### Exercise instructions
Please restate the records that follow exactly, skipping their images.

*** Opening Available records ***

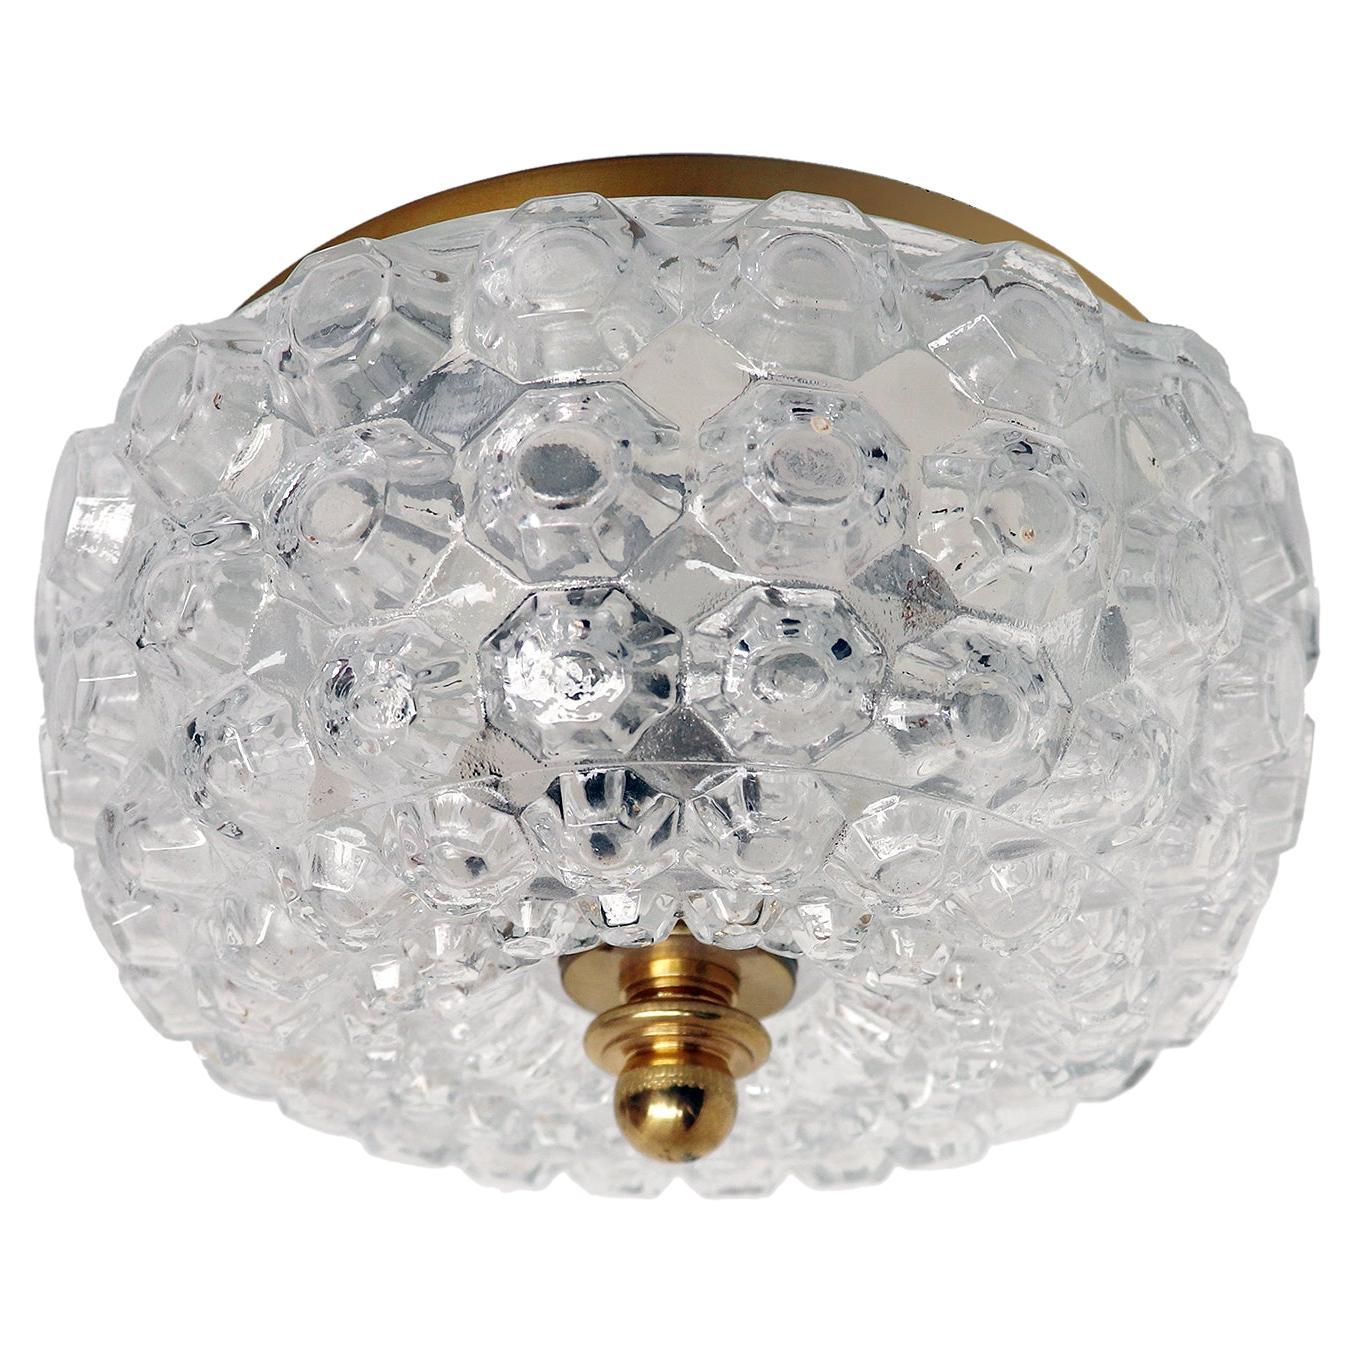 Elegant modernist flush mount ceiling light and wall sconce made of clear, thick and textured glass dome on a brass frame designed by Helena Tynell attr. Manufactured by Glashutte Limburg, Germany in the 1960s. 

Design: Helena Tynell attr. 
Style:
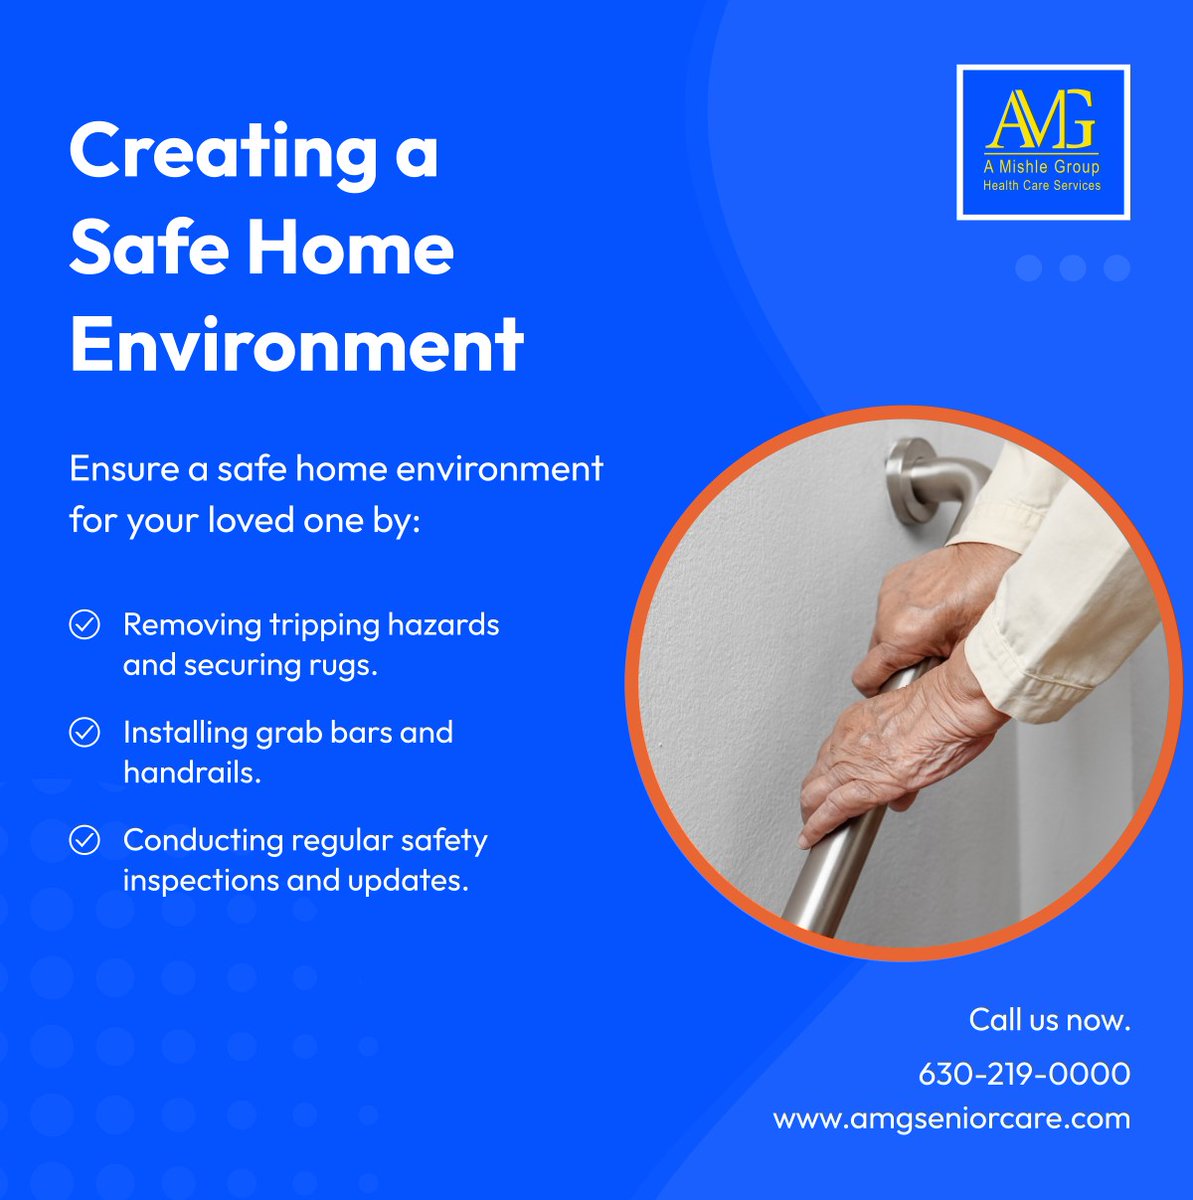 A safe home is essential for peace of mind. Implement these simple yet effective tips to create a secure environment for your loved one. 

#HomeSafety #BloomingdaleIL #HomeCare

*** Closing Available records ***

### Answer box
 Elegant modernist flush mount ceiling light and wall sconce made of clear, thick and textured glass dome on a brass frame designed by Helena Tynell attr. Manufactured by Glashutte Limburg, Germany in the 1960s. 

Design: Helena Tynell attr. 
Style:
 A safe home is essential for peace of mind. Implement these simple yet effective tips to create a secure environment for your loved one. 

#HomeSafety #BloomingdaleIL #HomeCare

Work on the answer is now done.